Huge rolling viridian, white-capped, curling, thumping into the rocky outcrops, thrashing foam metres into the air.

It's a weekday. Just a few people wandering, or soaking sun. Just one out surfing. Hardly anyone on the beach. We sit and rest, snack on our supplies.
How lucky we are to live here.

A couple of men in wetsuits nearby are picking up their boards and heading out. One of them asks us if we have lip salve. Rose offers the stub of a lipstick. He rubs some on, and they smile and joke with us, then go and contemplate their entry to the ocean.

                                                                                                                                               image: Rosalie Hall

Mid afternoon. Time to return.
We hike the hill, and drop down again to the swamp crossing, up through the forest and out onto the high dunes once more. The light is softer now, the air cooling.

                                                                                                                                              image: Rosalie Hall

The honeyeaters are working the garden, upside down in the sweet banksias, sipping, calling to each other, flying full-pelt, chorusing alto, bass, soprano, tenor.

                                                                                                               image: Ilyhana Kate Kennedy

Velvety blue afternoon shadows glow in the wide white sandtrack. Oh look here, a creature trail of little feet and tail.
Back through the garden, into the forest.

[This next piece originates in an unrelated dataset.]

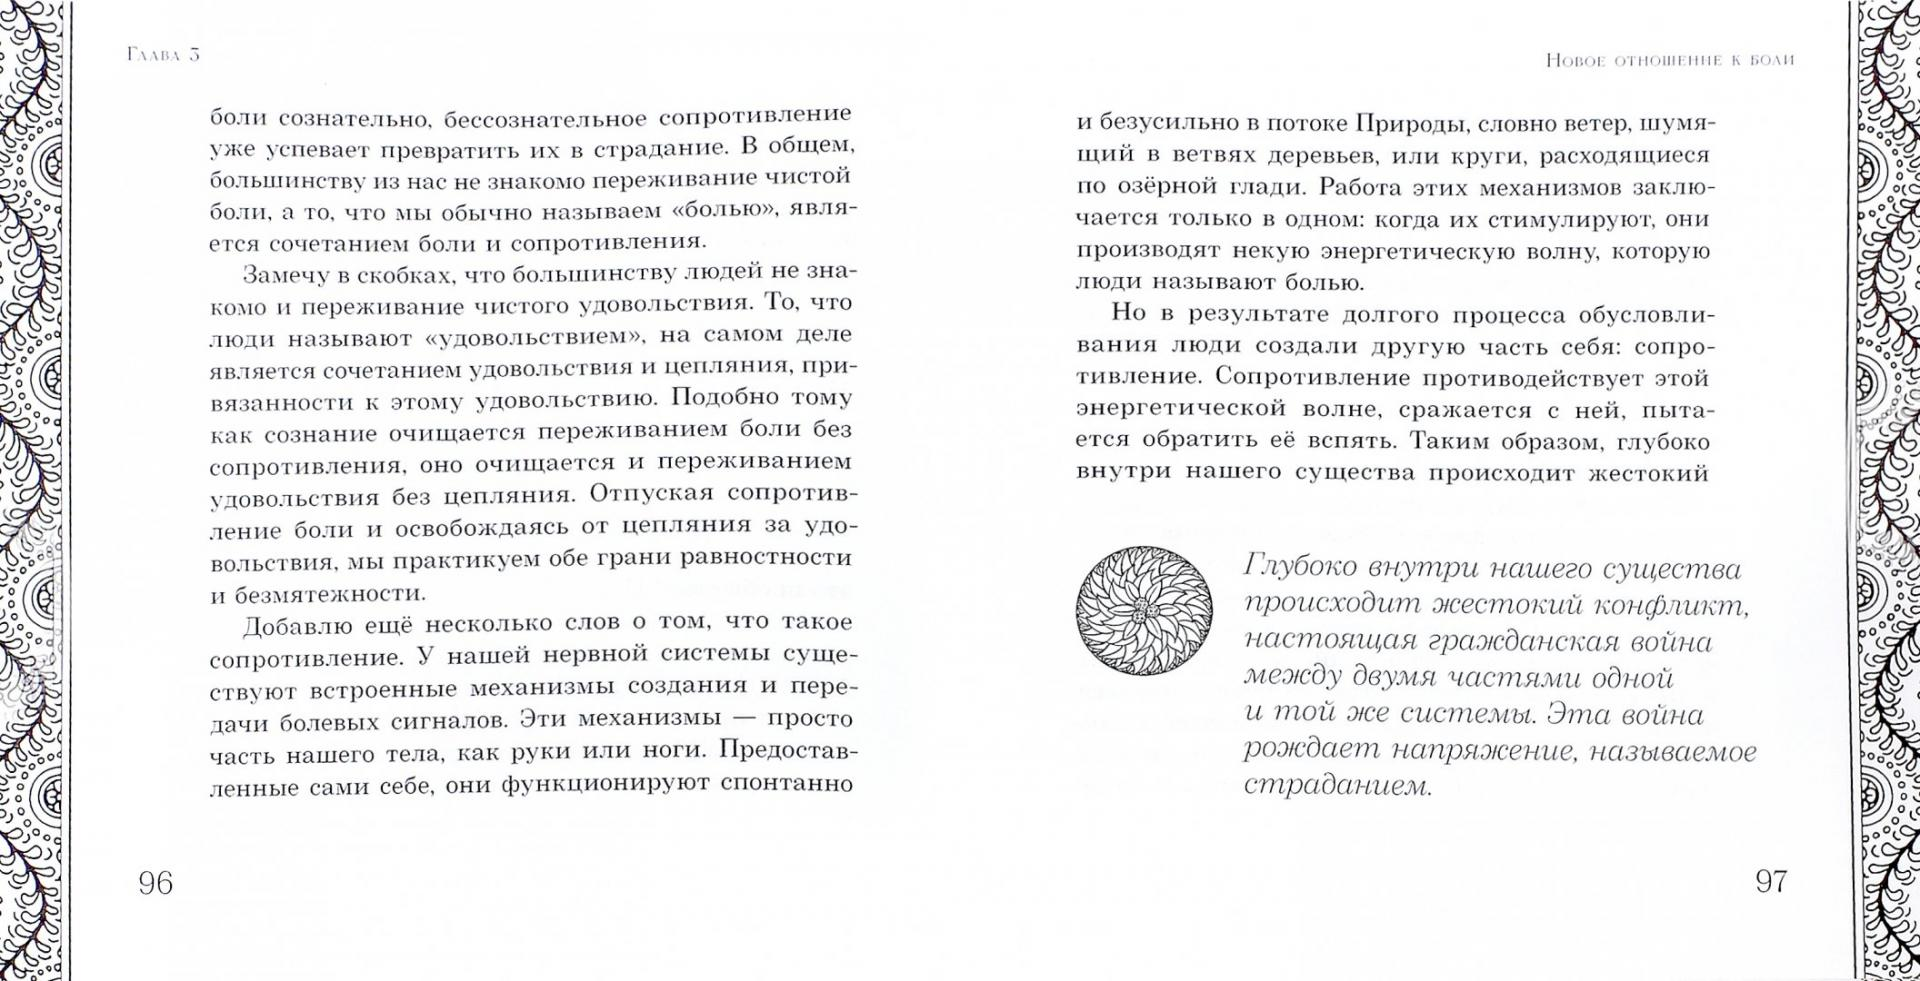 Иллюстрация 1 из 24 для Естественное избавление от боли. Как облегчить и растворить физ. боль с помощью практики медитации - Шинзен Янг | Лабиринт - книги. Источник: Лабиринт

Oh my goodness, what's that!
A long segmented worm creature, sliding in the track sand. We move it out of harm's way and it burrows down into the loose sand. How does it do that?

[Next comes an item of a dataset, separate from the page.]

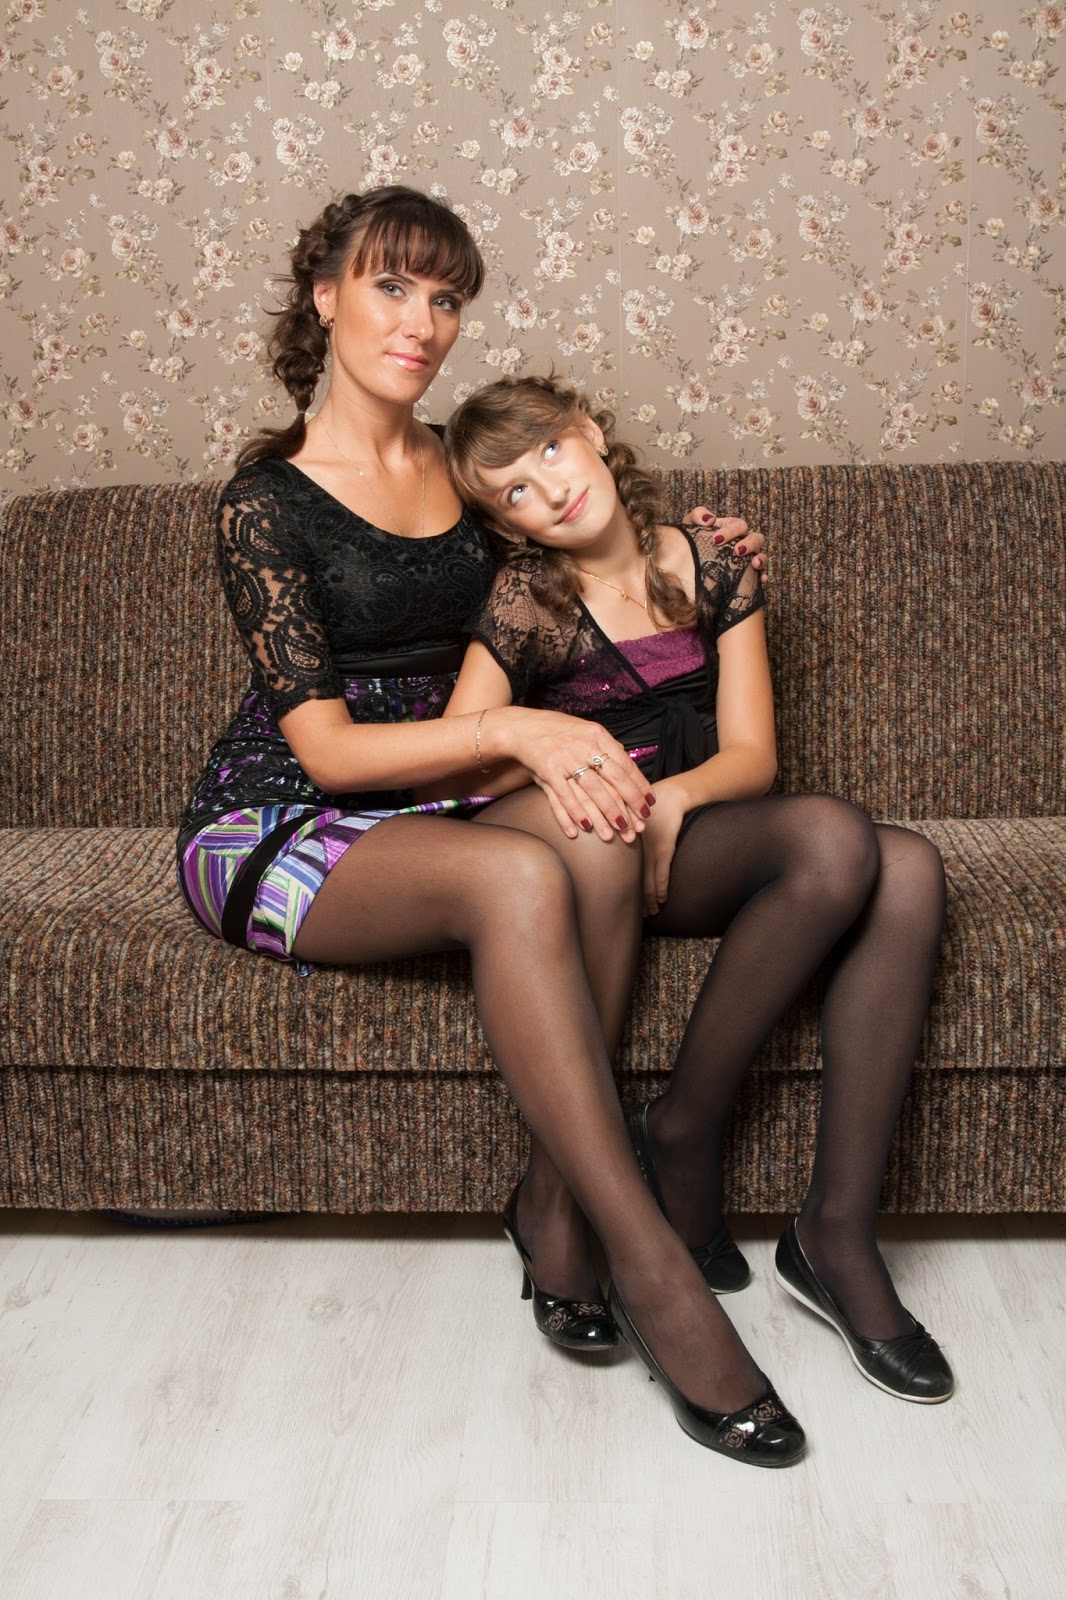 Fashion Tights Skirt Dress Heels  My Friend Goca-4833

We're nearly out of the forest, emerging into that other world.
Such a gorgeous walk, such a beautiful day.


If you'd like to do this walk, go to the Park Edge Rd entry to Noosa National Park (Sunshine Coast UBD Map 9 Q 17). Take track 5 down to Alexandria Bay. It's around 4.6ks return. Some good tips...stick to the track, take water and snacks. It's a heavenly walk, and if you have energy to spare, start earlier in the day, turn right at the beach and walk up onto the Headland above Lion Rock and Devil's Kitchen. I've seen eagles, dolphins and sea turtles from there. At the right time of year you might also see the whales on the move. Spectacular.
There are no facilities at Alex Bay or along the track. There are no lifesavers, surf is dangerous, swimming very risky. There was no signal on my mobile at Alex Bay, and there is just one fixed radio phone at the end of the track at the beach. So play safe eh.